Last year I had a project that required me to redirect over 50,000 URLs from an old website to a new website. This was one heck of a project, but having all those links disappear from Google simple was not an option (the company relies pretty heavily on Google for their revenue).
One thing that I noticed was that on the old website, a page could have multiple URLs. Some pages had 2 URL’s but some had up to 7 or 8. This prospect meant that I was going to have to create well over 100,000 redirects in my .htaccess file. Luckily the URLs, while they were different, they had a matching pattern to them.
The URLs looked something like this:
http://mydomain.com/products/23/46/11023/the-first-product-name.html http://mydomain.com/products/22/46/11023/the-first-product-renamed.html http://mydomain.com/products/22/56/11023/i-changed-this-product-name-yet-again.html
You will notice that these URLs all have the number 11023 in the exact same spot in the URL while just about any other thing about the URL is different.
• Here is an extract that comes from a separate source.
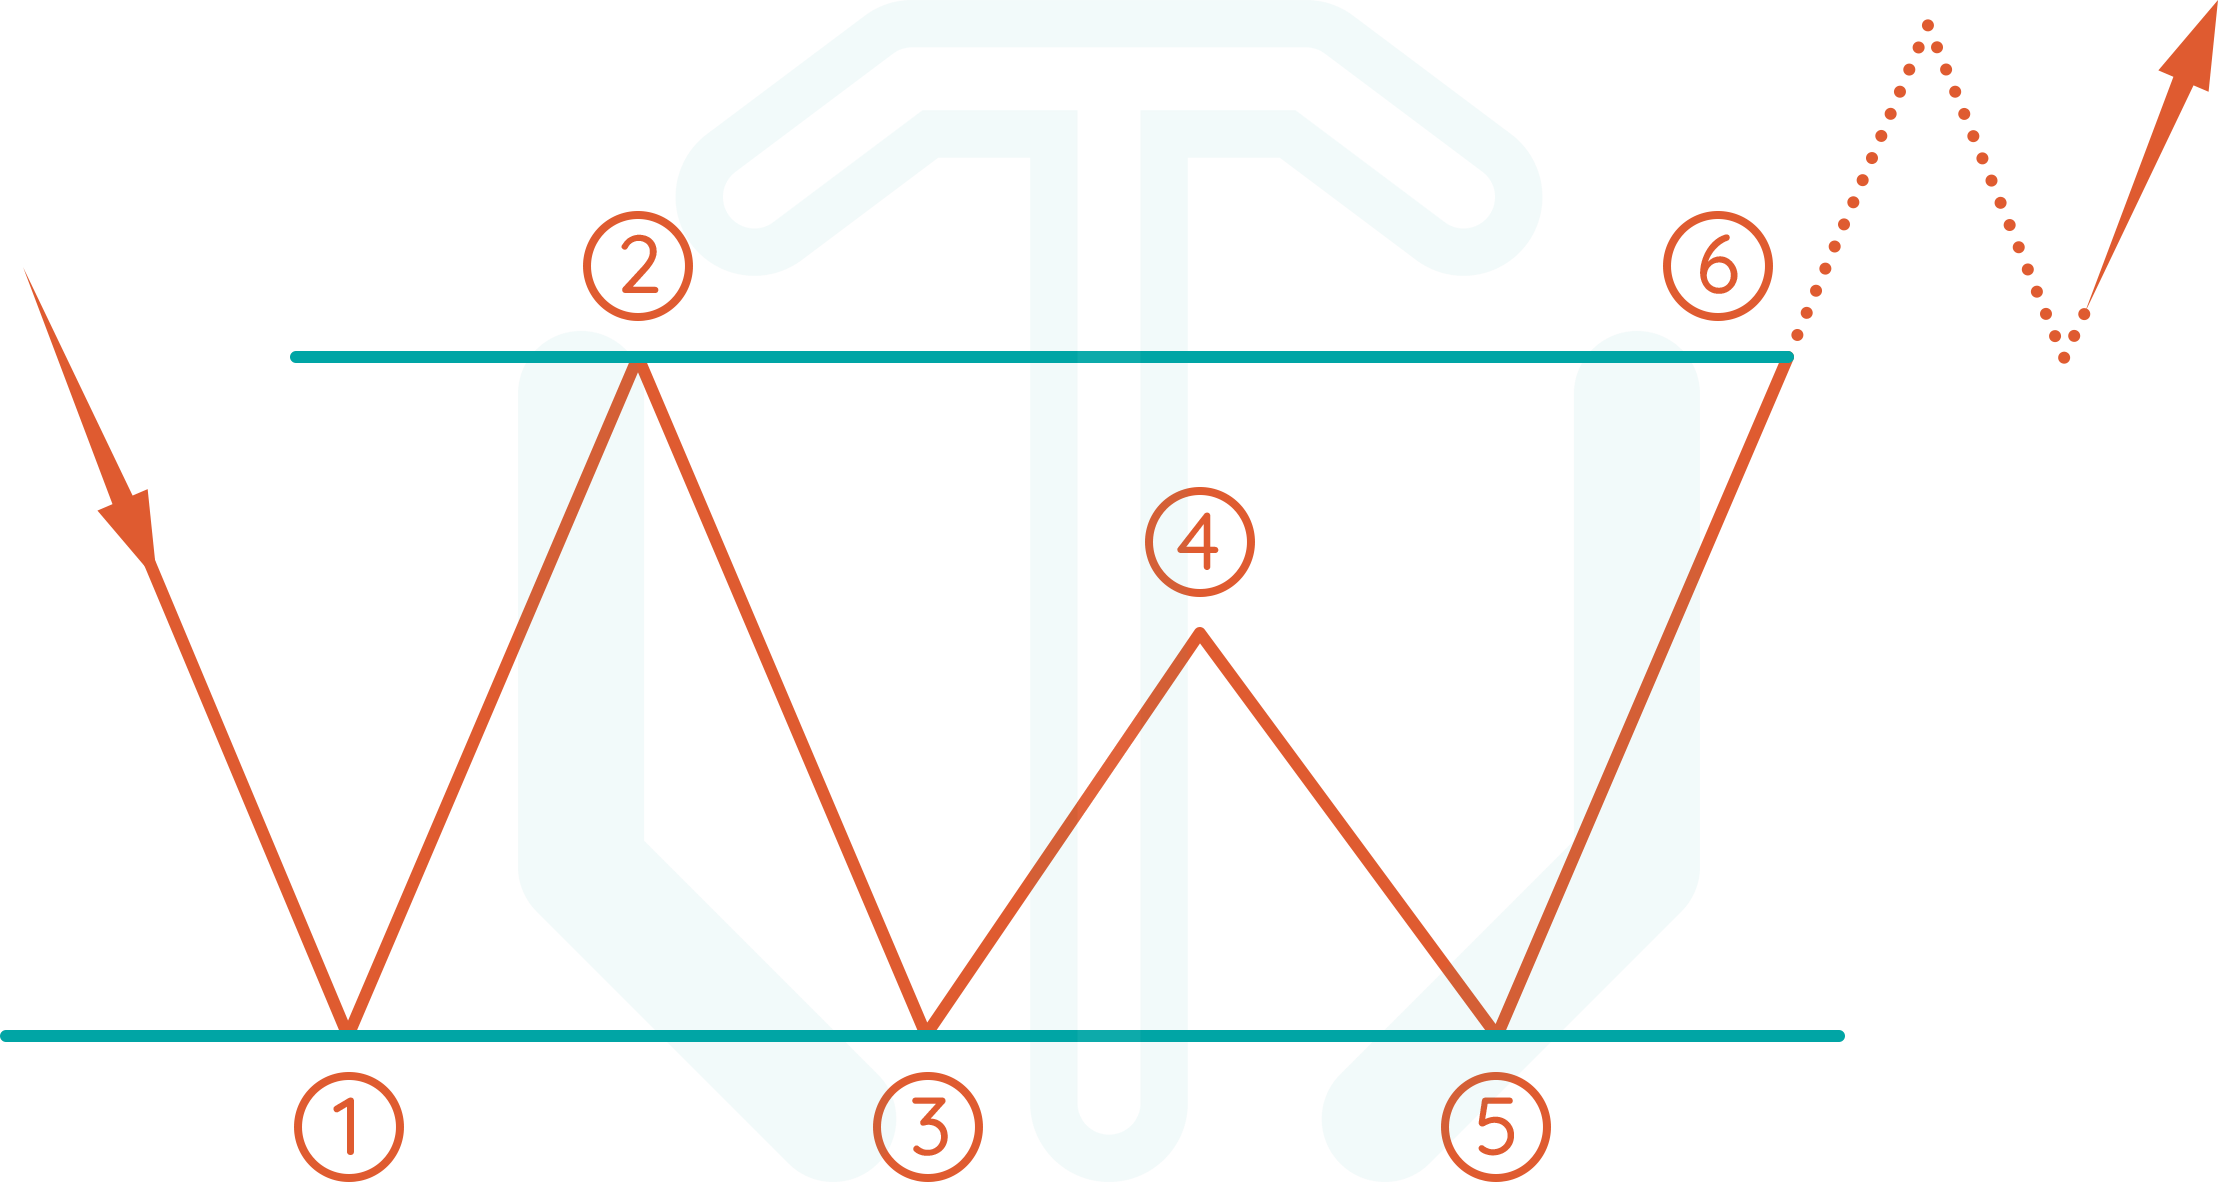 Triple bottom chart pattern illustration

Now usually I would have written three 301 redirects for these that would have looked something like this:
redirect 301 /products/23/46/11023/the-first-product-name.html http://mynewdomain.com/my-new-url.html redirect 301 /products/22/46/11023/the-first-product-renamed.html http://mynewdomain.com/my-new-url.html redirect 301 /products/22/56/11023/i-changed-this-product-name-yet-again.html http://mynewdomain.com/my-new-url.html
This isn’t bad when you have only a few URL’s, but remember we have 50,000 more of these. We are also trying to make sure that we cover the highest amount of URLs possible (we are trying to make sure the company does not fall out of favor with Google) so we really should handle ALL possible situations. What we can use is a something called RedirectMatch. It gives you the ability to use regular expressions in your 301 redirect entries. So now we can create a single line that looks like this:
RedirectMatch 301 /products/(.*)/(.*)/11023/(.*)\.html http://mynewdomain.com/my-new-url.html
Now all three listed old URLs will redirect to the proper new page, as will any other URL that comes to the website that matches this pattern. Now one downside to using this method is that this takes up more time for Apache to check the incoming URL to find a redirect. You will notice that all these URLs were in a products directory. So what we can do is put all these redirects inside an .htaccess file in the products directory on the web server so only requests that are referencing the products will have this small lag.